We model full viruses by coupling short highly-detailed molecular dynamics simulations with lower-resolution (but faster) continuum electrostatic models. Such multiscale approach enables to model a full virus in a desktop/small cluster-level infrastructure, which are available for most researchers. Here, we propose a first interfacing of the pythonic-like packages in a multiscale approach that automatizes the access to state-of-the-art biomolecular simulations via Jupyter Notebooks.

Horacio V. Guzman

pyhf: a pure Python statistical fitting library with tensors and autograd

pyhf is a pure-Python implementation of the HistFactory statistical model for multi-bin histogram-based analysis with asymptotic interval estimation, and part of the Scikit-HEP project ecosystem. pyhf supports modern computational graph libraries as computational backends in order to make use of features such as auto-differentiation and GPU acceleration.
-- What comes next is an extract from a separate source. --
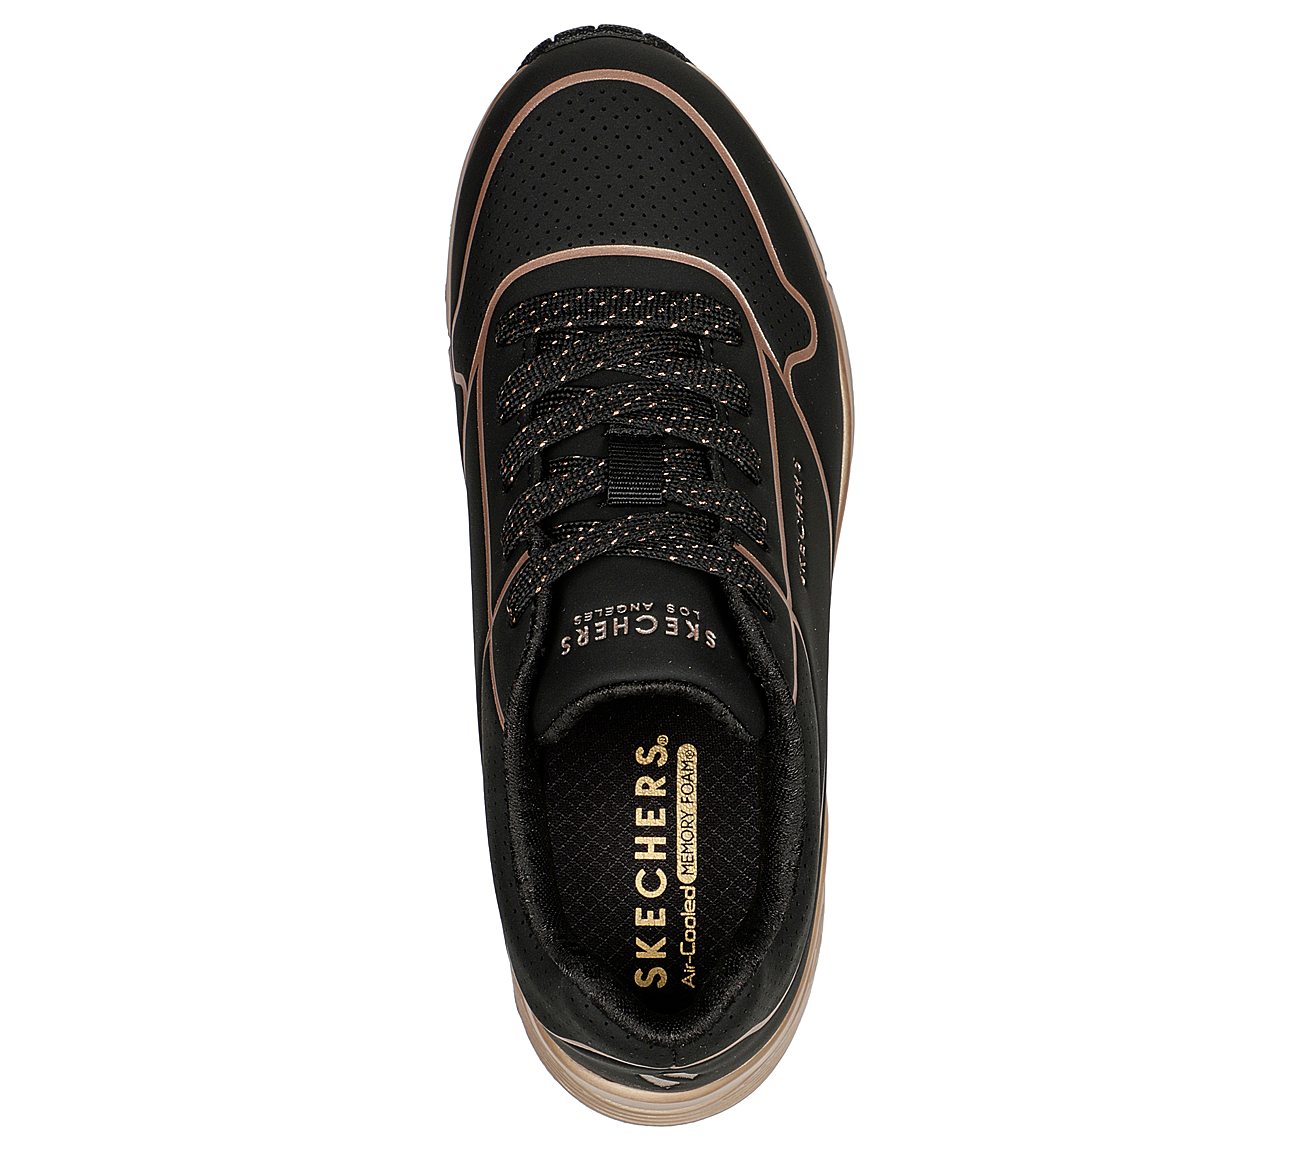 UNO GEN1 - COOL HEELS, BLACK/ROSE GOLD Footwear Top View
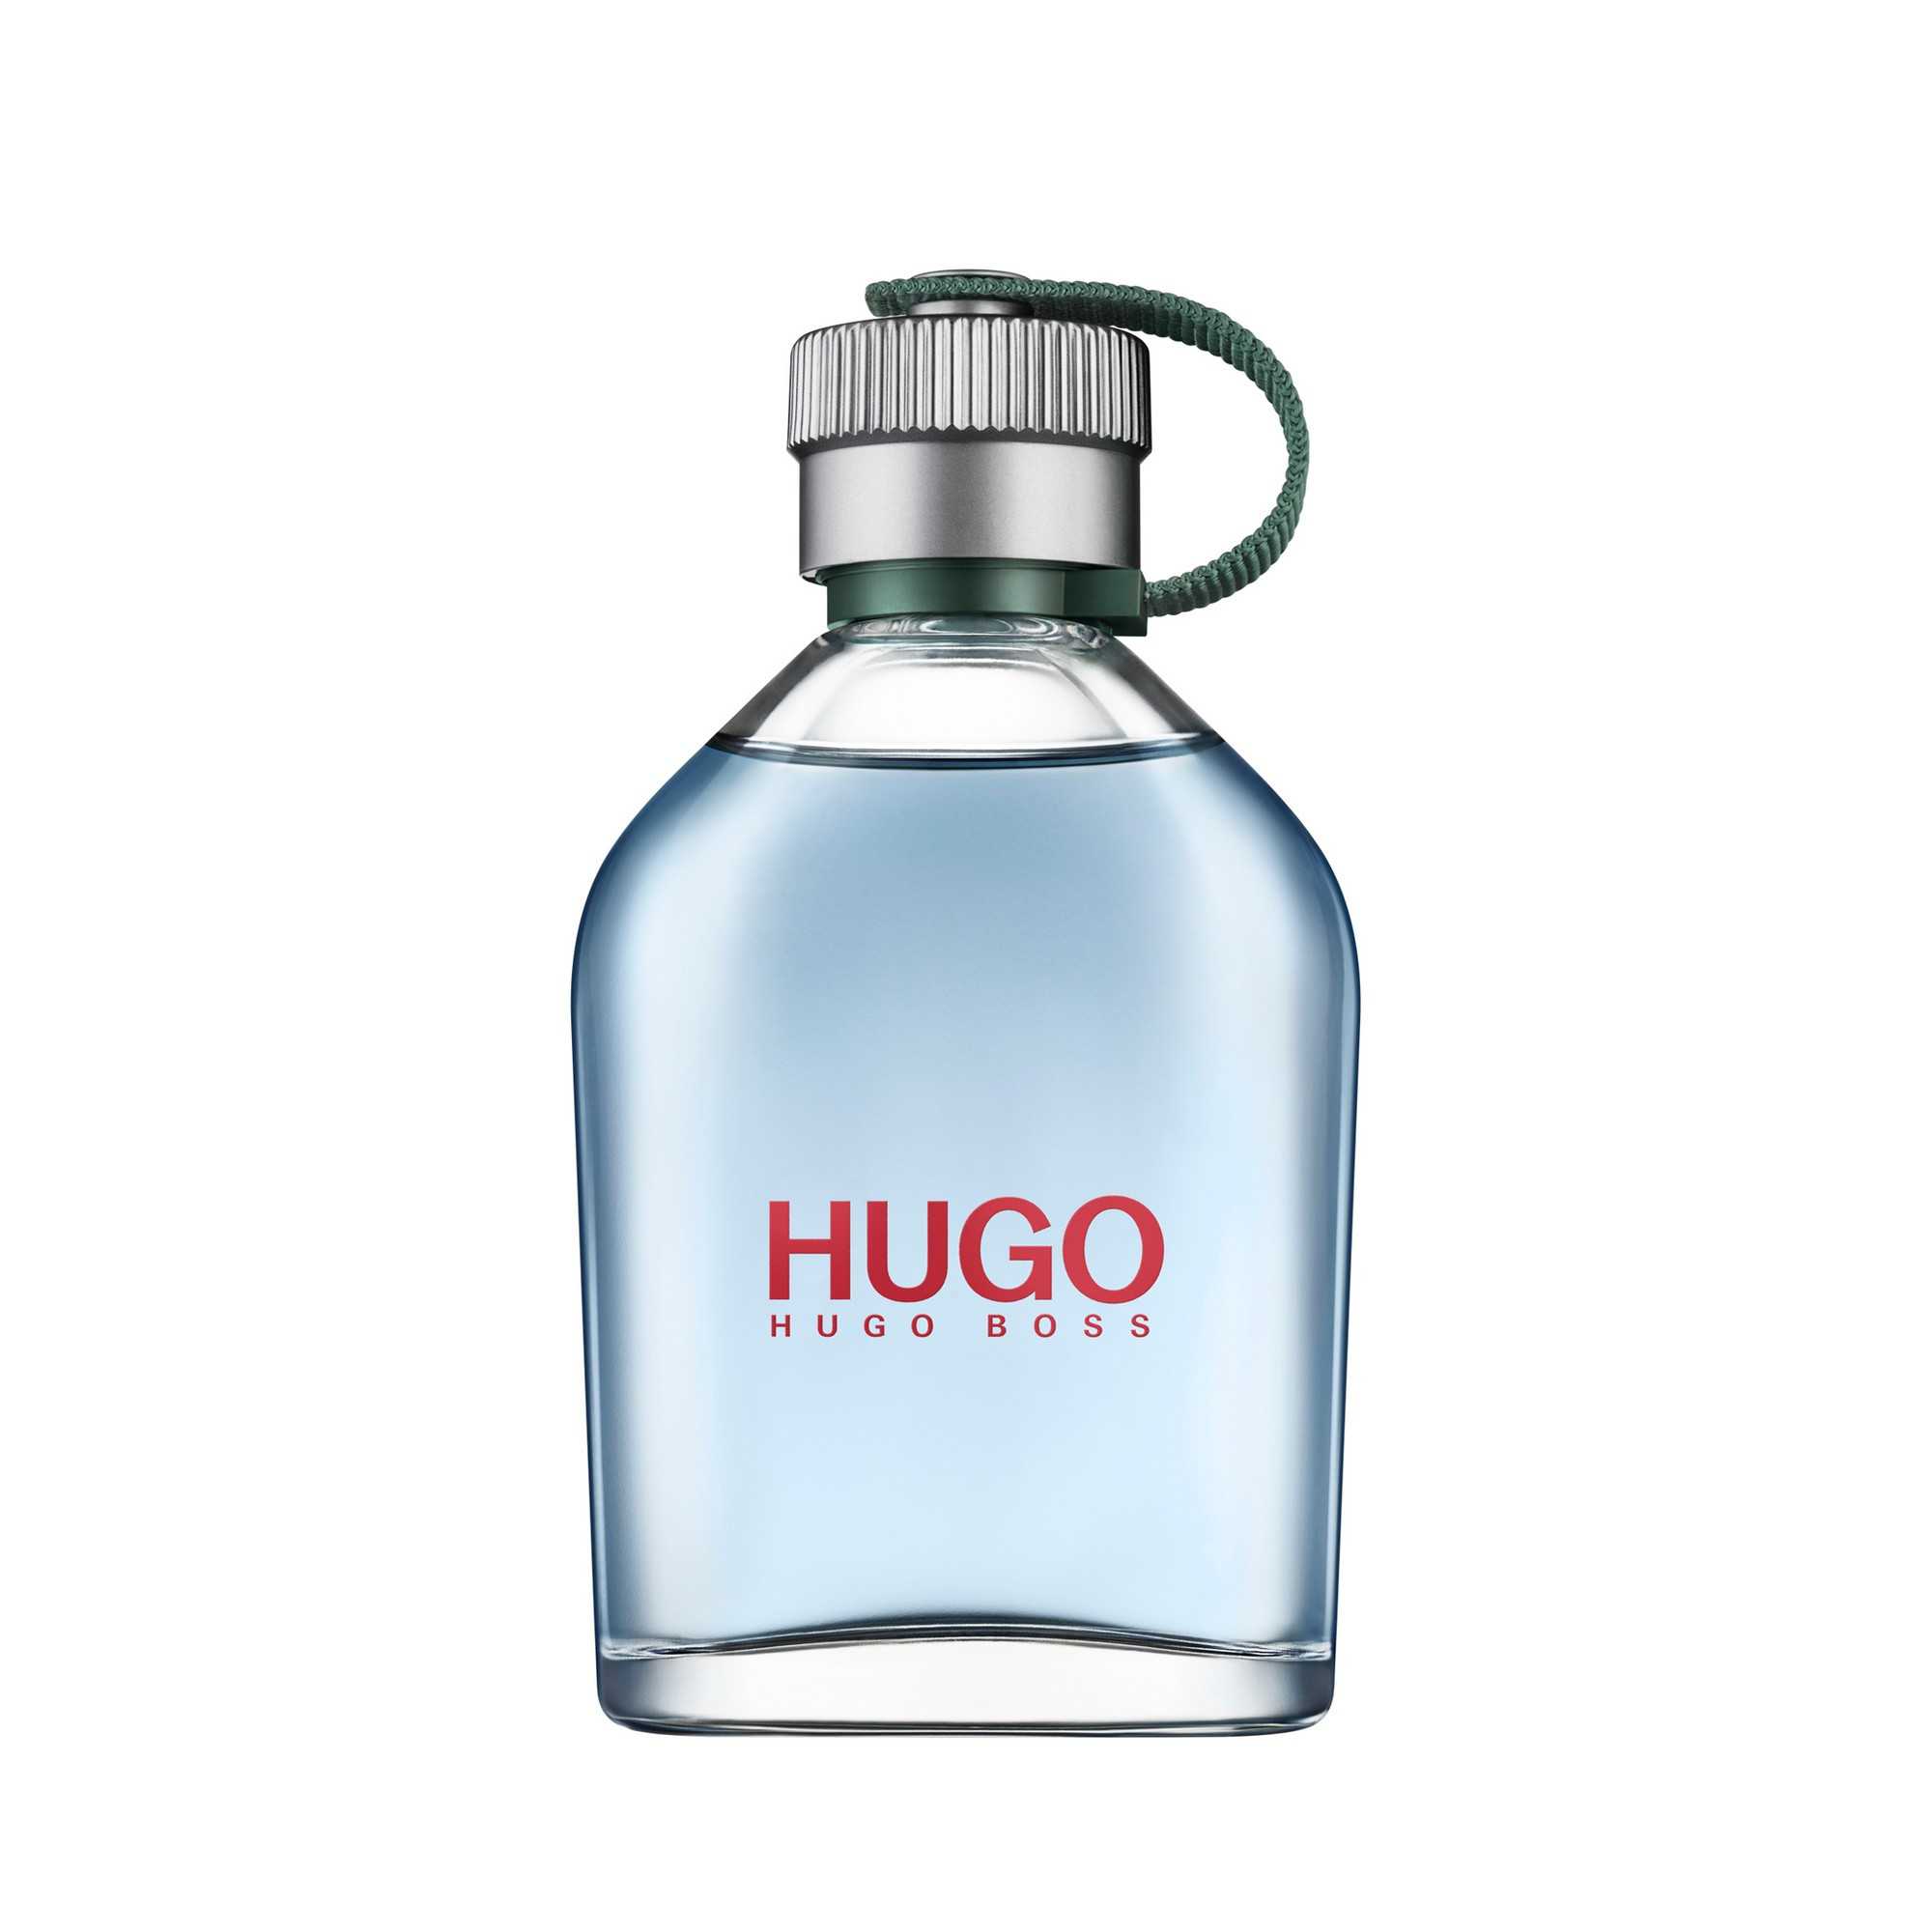 Цена духов hugo boss мужские. Hugo Boss men 125ml EDT. Hugo Boss Hugo men 100 мл. Hugo Boss man 125 ml. Hugo Boss Hugo man 200ml.

Additionally, the statistical models are defined in a declarative JSON schema, readily enabling preservation and distribution through services such as the Durham High-Energy Physics Database (HEPData).

Matthew Feickert

Bringing GPU Support to Datashader: A RAPIDS Case Study

A case study on using RAPIDS technologies to add GPU support to the Datashader Python library

Jon Mease

Learning from evolving data streams

A brief introduction to machine learning for evolving data streams. In this field data is assumed infinite and can change over time. scikit-multiflow, a package for stream learning in Python is also presented.

Jacob Montiel

Spatial Algorithms at Scale with spatialpandas

How do you analyze 1 trillion rows of geospatial point data? We recently solved this problem using spatialpandas, dask, and parquet file format to efficiently build and execute spatial algorithms at scale. We compare the spatialpandas solution’s performance with other cases, and discuss the tradeoffs with various approaches.

Dharhas Pothina, Kim Pevey, Adam Lewis

Accepted Posters¶

Decentralized, Deterministic Robot Swarm Control using Blob Methods for PDEs

A Jupyter notebook about robot swarm control, simulation, digital experiments, and computational considerations

, , ,

SciPy Tools Plenaries¶

HoloViz: What’s new and what’s next

Updates and roadmaps for Panel, hvPlot, HoloViews, GeoViews, Datashader, Param, and Colorcet. The HoloViz suite of tools together form a unified approach for visualization from exploration to sharing applications and dashboards, building on the SciPy ecosystem to support easy visualization of large multidimensional or columnar datasets.

SciPy Tools Plenary on Matplotlib

Matplotlib is a comprehensive library for creating static, animated, and interactive visualizations in Python. This presentation summarizes changes over the past year, new features, and future plans.

SciPy Tools Plenary on Numba

Numba is a just-in-time compiler for a subset of Python. This is a short presentation of Numba updates for 2019-2020.

Lightning Talks¶

Building an AutoML System for Fun and Non-profit

This talk introduces metalearn, a MetaRL-based AutoML system that learns to learn how to propose hyperparameter selections that produce high validation scores on meta-test datasets.